◆ **WORK TO BE COMPLETED**
Copy each line of the following data that contains "Clay".

Collection entries:
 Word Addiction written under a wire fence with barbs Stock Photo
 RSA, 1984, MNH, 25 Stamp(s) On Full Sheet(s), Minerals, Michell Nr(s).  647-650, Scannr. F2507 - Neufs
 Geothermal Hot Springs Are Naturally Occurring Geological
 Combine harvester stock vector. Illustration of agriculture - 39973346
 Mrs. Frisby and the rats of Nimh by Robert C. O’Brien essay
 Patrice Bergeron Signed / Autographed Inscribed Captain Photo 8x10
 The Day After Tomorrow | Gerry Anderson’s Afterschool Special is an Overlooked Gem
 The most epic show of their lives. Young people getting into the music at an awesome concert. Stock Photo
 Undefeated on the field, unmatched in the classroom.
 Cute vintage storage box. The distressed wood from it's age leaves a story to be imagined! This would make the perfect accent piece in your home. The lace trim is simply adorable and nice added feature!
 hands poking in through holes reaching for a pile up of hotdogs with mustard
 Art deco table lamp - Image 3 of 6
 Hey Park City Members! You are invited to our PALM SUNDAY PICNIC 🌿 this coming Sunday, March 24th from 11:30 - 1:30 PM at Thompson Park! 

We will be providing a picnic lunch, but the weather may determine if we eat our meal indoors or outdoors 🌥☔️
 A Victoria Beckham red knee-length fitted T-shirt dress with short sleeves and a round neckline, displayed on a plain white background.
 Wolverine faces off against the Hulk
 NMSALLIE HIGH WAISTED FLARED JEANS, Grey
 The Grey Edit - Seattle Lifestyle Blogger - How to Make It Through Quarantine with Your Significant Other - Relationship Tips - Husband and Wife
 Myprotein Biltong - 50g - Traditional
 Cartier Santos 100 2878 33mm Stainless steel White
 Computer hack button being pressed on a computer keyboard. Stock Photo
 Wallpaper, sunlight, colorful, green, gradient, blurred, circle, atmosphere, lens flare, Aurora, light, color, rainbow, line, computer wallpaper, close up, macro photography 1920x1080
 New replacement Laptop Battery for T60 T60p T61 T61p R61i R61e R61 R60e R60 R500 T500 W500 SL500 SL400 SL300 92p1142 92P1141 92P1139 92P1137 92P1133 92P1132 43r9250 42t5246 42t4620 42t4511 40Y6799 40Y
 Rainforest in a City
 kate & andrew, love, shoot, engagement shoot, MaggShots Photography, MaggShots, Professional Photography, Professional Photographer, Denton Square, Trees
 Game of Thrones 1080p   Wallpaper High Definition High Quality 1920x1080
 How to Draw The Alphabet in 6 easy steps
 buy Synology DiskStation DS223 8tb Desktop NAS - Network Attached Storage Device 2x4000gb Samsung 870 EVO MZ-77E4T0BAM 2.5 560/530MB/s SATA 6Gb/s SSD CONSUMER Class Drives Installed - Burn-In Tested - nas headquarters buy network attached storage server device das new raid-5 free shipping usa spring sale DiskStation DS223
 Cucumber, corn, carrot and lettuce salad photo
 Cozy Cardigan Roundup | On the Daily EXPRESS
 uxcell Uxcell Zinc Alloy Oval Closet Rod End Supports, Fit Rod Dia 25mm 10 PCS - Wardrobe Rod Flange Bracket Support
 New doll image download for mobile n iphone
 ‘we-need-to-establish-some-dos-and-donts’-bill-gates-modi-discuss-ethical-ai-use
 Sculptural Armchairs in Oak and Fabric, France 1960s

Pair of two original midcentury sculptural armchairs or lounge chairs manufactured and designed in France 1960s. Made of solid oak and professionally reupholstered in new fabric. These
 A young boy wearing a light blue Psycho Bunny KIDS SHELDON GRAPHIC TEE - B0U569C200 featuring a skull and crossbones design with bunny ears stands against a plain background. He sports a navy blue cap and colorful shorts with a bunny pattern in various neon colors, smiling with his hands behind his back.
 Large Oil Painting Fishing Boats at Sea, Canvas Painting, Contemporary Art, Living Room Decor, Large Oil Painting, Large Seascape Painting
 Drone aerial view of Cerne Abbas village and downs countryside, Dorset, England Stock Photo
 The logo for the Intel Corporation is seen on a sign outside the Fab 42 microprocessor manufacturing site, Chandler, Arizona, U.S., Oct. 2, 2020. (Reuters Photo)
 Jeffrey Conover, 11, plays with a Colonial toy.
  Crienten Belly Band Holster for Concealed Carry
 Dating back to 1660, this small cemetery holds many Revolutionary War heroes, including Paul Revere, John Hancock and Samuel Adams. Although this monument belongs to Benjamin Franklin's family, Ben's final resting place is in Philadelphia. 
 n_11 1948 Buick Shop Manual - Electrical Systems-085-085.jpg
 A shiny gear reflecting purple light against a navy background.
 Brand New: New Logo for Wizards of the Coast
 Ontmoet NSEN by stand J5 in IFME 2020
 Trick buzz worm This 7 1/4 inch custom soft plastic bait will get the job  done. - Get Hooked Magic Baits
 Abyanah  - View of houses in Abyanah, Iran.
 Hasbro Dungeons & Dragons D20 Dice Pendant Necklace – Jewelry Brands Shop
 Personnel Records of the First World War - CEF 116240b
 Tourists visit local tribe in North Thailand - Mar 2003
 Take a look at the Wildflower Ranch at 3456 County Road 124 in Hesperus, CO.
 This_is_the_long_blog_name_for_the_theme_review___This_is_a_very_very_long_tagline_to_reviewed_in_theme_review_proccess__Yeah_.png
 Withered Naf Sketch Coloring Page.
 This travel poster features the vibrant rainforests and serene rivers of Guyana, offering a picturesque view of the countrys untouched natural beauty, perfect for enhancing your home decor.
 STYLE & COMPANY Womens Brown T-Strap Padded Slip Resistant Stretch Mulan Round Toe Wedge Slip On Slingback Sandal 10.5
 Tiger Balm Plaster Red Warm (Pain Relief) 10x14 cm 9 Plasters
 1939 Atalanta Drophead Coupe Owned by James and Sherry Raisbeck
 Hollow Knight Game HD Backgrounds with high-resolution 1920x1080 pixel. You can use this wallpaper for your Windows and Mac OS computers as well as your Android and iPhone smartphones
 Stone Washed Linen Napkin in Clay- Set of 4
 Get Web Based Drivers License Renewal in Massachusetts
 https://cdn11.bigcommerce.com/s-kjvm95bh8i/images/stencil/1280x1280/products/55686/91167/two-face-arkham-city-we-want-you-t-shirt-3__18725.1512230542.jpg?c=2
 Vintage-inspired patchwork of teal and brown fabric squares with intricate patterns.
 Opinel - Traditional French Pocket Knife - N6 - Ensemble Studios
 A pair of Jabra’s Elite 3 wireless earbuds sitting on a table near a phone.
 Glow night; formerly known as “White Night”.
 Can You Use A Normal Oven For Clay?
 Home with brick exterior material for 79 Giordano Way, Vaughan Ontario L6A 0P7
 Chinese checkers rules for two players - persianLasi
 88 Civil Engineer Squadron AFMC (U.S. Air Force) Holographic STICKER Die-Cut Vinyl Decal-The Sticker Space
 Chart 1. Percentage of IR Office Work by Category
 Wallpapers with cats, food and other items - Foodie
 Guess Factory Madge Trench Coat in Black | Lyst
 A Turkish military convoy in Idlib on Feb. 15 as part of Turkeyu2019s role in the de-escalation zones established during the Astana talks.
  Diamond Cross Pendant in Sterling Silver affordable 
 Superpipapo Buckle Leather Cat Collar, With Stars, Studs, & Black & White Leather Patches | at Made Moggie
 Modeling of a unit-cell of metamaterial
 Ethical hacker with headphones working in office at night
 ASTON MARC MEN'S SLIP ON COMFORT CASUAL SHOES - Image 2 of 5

◆ **OUTPUT**
 Stone Washed Linen Napkin in Clay- Set of 4
 Can You Use A Normal Oven For Clay?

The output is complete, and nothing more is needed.